Dual-stage optimizer for systematic overestimation adjustment applied to multi-objective genetic algorithms for biomarker selection

from arxiv, Added a picture with the algorithm steps and a supplementary section with disambiguation of the technical terms. Moved sections in the supplementary to shorten the main text. Fixed typos

The challenge in biomarker discovery using machine learning from omics data lies in the abundance of molecular features but scarcity of samples. Most feature selection methods in machine learning require evaluating various sets of features (models) to determine the most effective combination. This process, typically conducted using a validation dataset, involves testing different feature sets to optimize the model's performance. Evaluations have performance estimation error and when the selection involves many models the best ones are almost certainly overestimated. Biomarker identification with feature selection methods can be addressed as a multi-objective problem with trade-offs between predictive ability and parsimony in the number of features. Genetic algorithms are a popular tool for multi-objective optimization but they evolve numerous solutions thus are prone to overestimation. Methods have been proposed to reduce the overestimation after a model has already been selected in single-objective problems, but no algorithm existed capable of reducing the overestimation during the optimization, improving model selection, or applied in the more general multi-objective domain. We propose DOSA-MO, a novel multi-objective optimization wrapper algorithm that learns how the original estimation, its variance, and the feature set size of the solutions predict the overestimation. DOSA-MO adjusts the expectation of the performance during the optimization, improving the composition of the solution set. We verify that DOSA-MO improves the performance of a state-of-the-art genetic algorithm on left-out or external sample sets, when predicting cancer subtypes and/or patient overall survival, using three transcriptomics datasets for kidney and breast cancer.

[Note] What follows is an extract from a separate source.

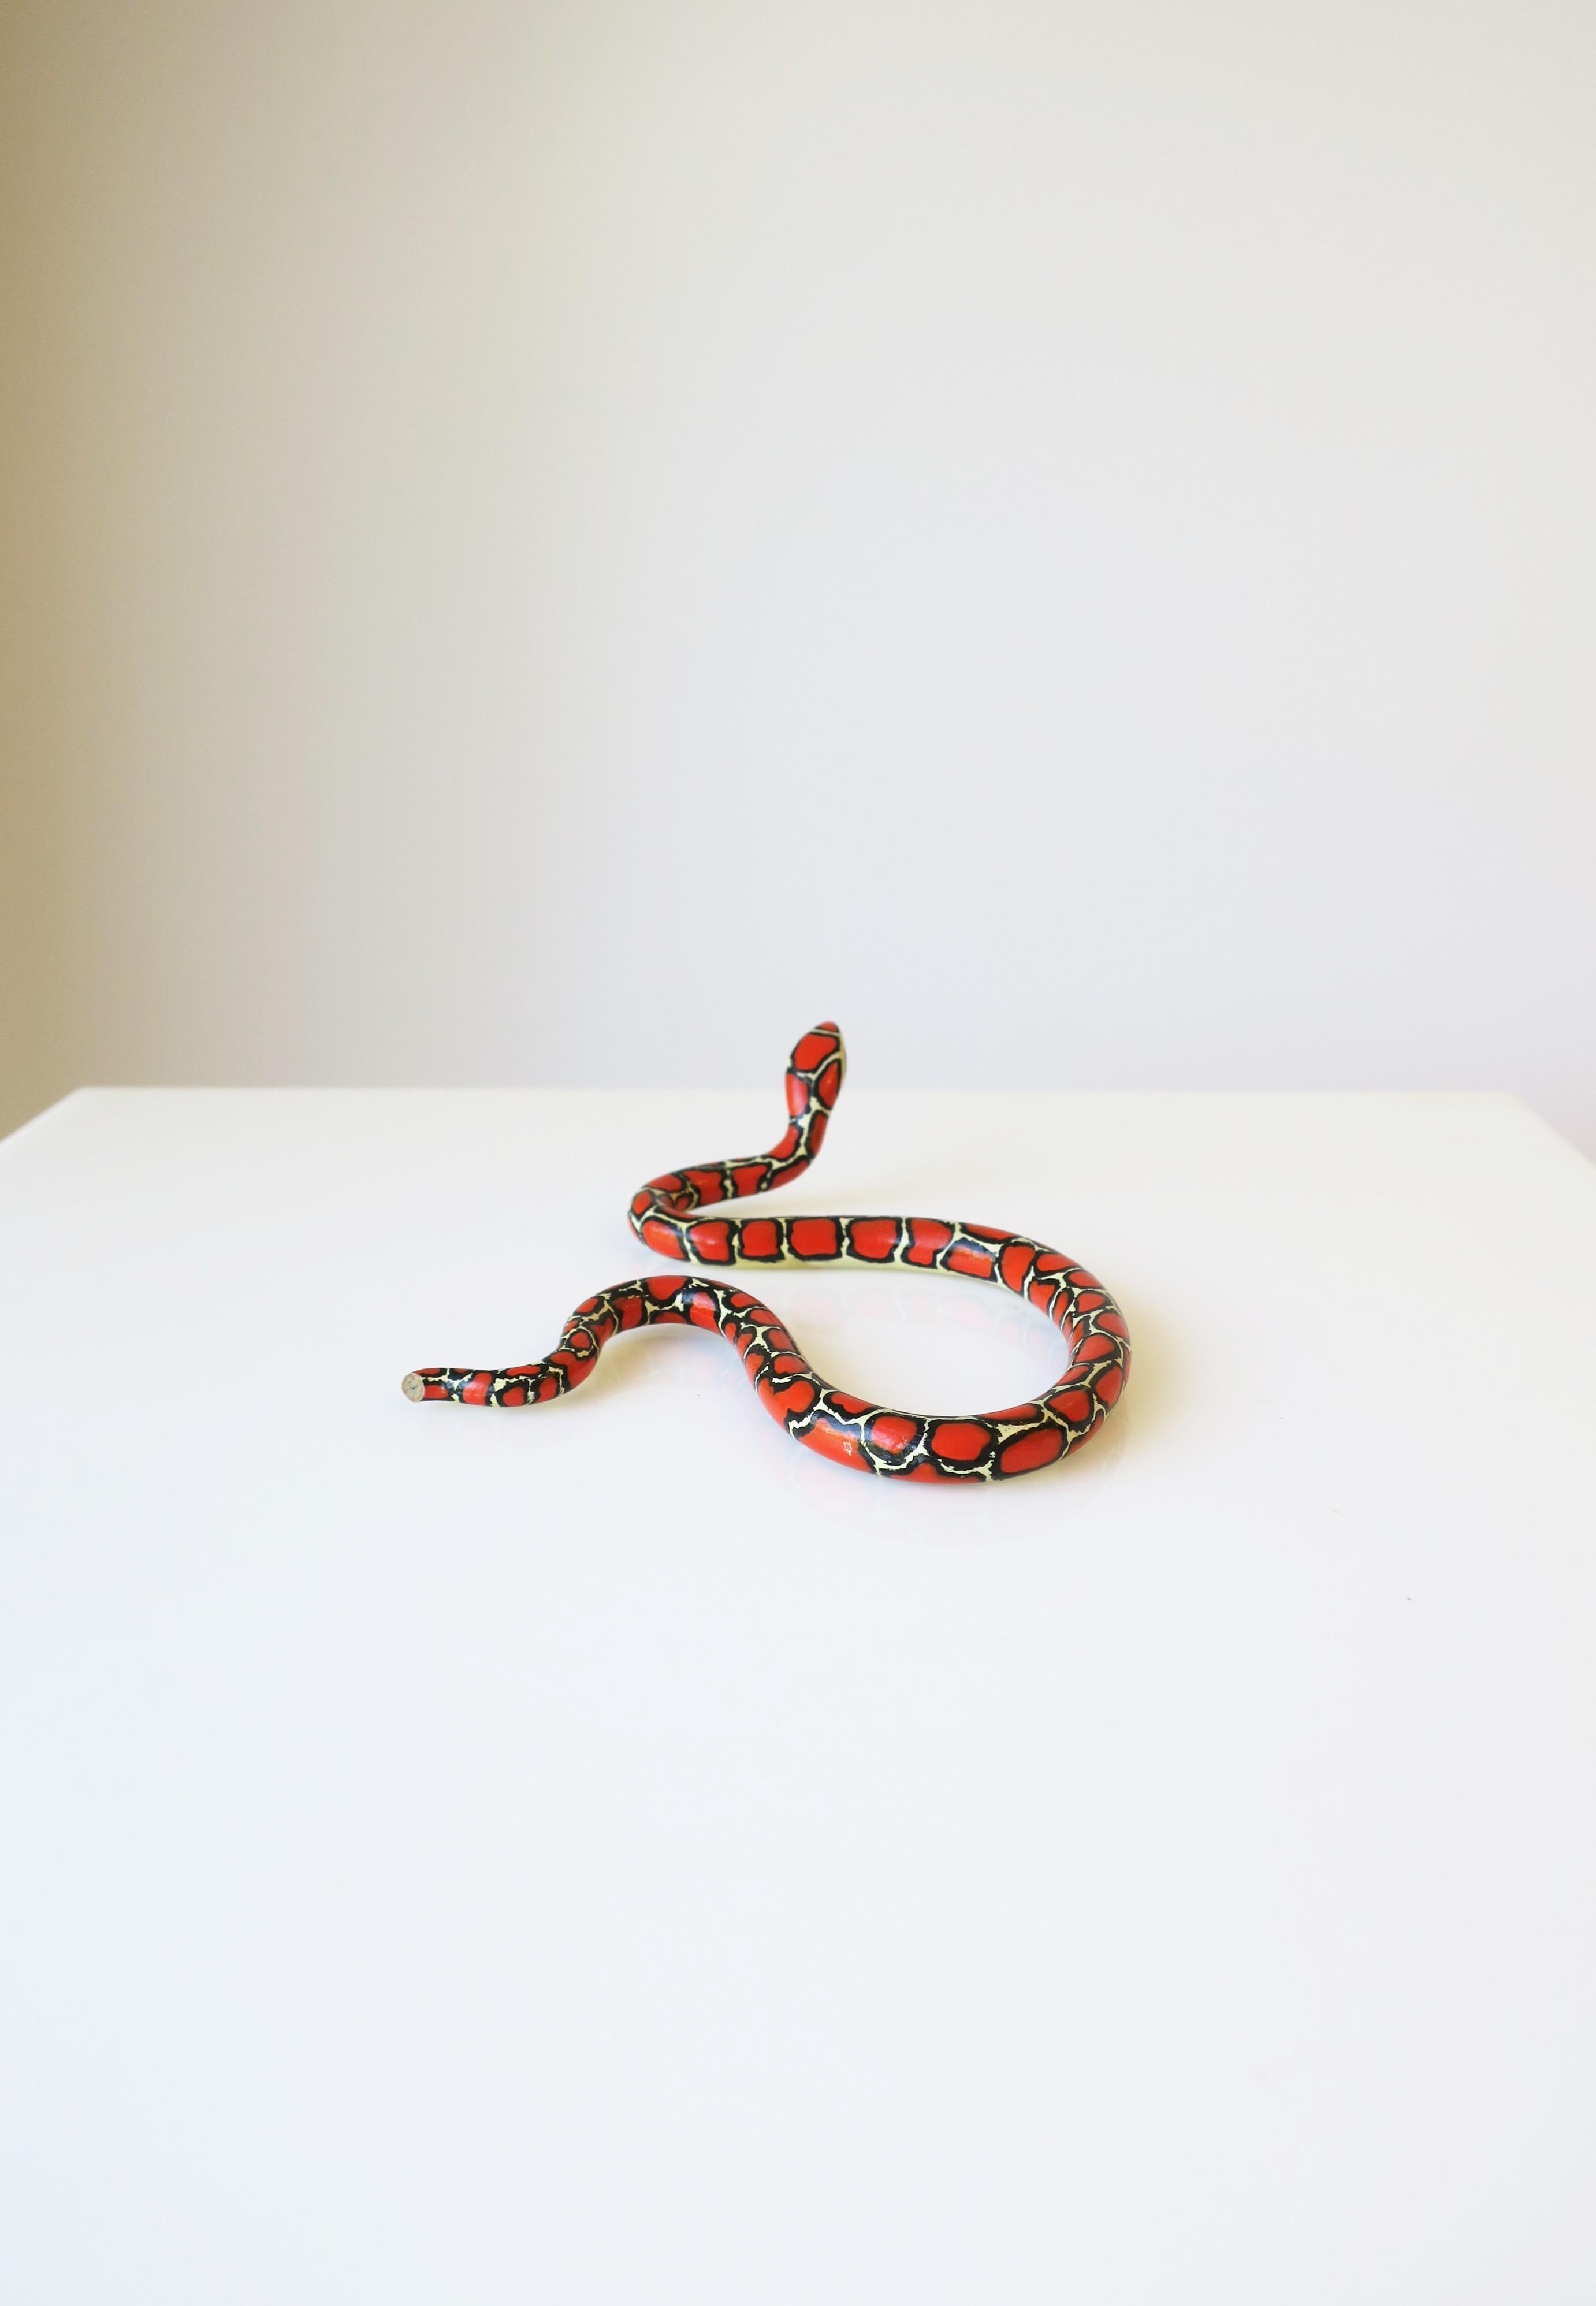 Red Black and White Terracotta Ceramic Snake 8

翻译：生物标志物发现中利用组学数据进行机器学习的挑战在于分子特征丰富但样本稀缺。大多数机器学习中的特征选择方法需要评估不同的特征集（模型）以确定最有效的组合。这一过程通常通过验证数据集进行，涉及测试不同特征集以优化模型性能。评估存在性能估计误差，当选择涉及大量模型时，最优模型几乎必然被高估。采用特征选择方法的生物标志物识别可视为一个多目标优化问题，需要在预测能力与特征数量简洁性之间权衡。遗传算法是多目标优化的常用工具，但其进化出大量解，因此容易产生高估。已有方法可在单目标问题中在选定模型后减少高估，但尚无算法能够在优化过程中降低高估、改进模型选择、或适用于更通用的多目标领域。我们提出DOSA-MO，一种新型多目标优化封装算法，它学习解的原始估计值、方差及特征集大小如何预测高估程度。DOSA-MO在优化过程中调整性能期望值，从而改善解集的组成。我们通过三个肾癌和乳腺癌转录组数据集验证，DOSA-MO在预测癌症亚型和/或患者总生存率时，能够提升现有最优遗传算法在留出样本或外部样本集上的性能。